One by one friends showed up and were greeted by their hostesses. I happily remained in the background, demoted to waitress, as they welcomed friends into their home and entertained with grace. Some of the invited guests were not known to everyone, and I watched as they all formed new bonds, and found their places in this circle of young sisterhood. There is such a beauty to observing young Muslimahs, full of promise and hope. They have so much going for them, the best of which is this beautiful way of life, al-Islam. And as I watched them break fast together, stand foot to foot in prayer, and laugh the evening away over plates made with love, I was overcome with gratitude. Allah subhanahu wa ta’ala blesses those who come together for His sake, and those who remove a hardship from another. These young women may not comprehend the vastness of the blessings that were upon them that night. But I know; and I felt honored to be a part of their evening, and grew just as much as they did, if not more.
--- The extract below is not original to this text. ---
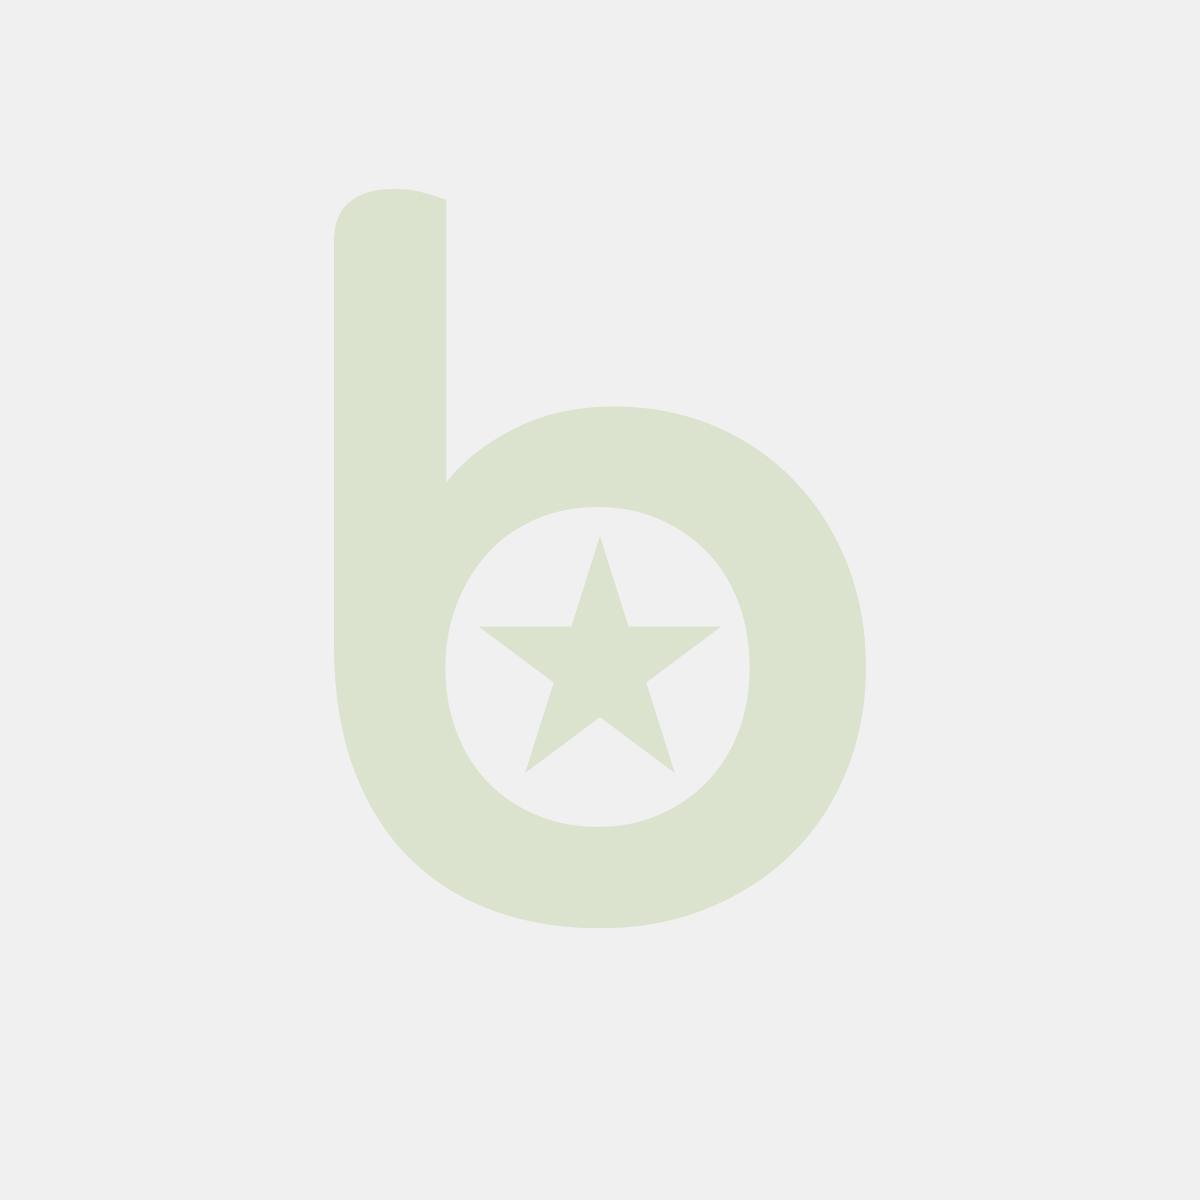 Zakładki indeksujące POST-IT® (680-8), PP, 25x43mm, 50 kart., purpurowe

Ramadan is a wonderful time to teach your children about Islam, and life in general. Books, games and learning activities are great teaching tools. However, let us not forget that many children learn from hands on practice. It is sometimes through experiences that we learn our greatest lessons. I would encourage you to give your children the opportunity to have an iftar of their own. The lessons that they will learn during the process are numerous and invaluable.
Author Bio
Razan Gregory is an American revert, and East Coast native. She was captivated by words at birth, performed spoken word before she could walk, and wrote her first short story at the age of ten. One of her most treasured gifts as a child was an antique manual typewriter. Razan’s writing and editing career spans 25 years of early mornings and late nights laden with coffee and green tea; and includes projects for government agencies, organizations, and individuals. She shares her space with a freelance hubby, tribe of home-schooled kiddos, and two snugglicious felines. She writes in the gaps. You can find Razan and all of her musings at her newly-created blog, prolificmuslimah.wordpress.com.
I really enjoyed reading this. I even got teary when you described your daughters coming together and then receiving their guests. Beautifully penned. May Allah grant them success in deen and dunya and may you be rewarded too for creating the opportunity for them – Ameen.
Ameen! And the same for you. Ameen. Jazakum Allahu khayran for the feedback. It is very much appreciated.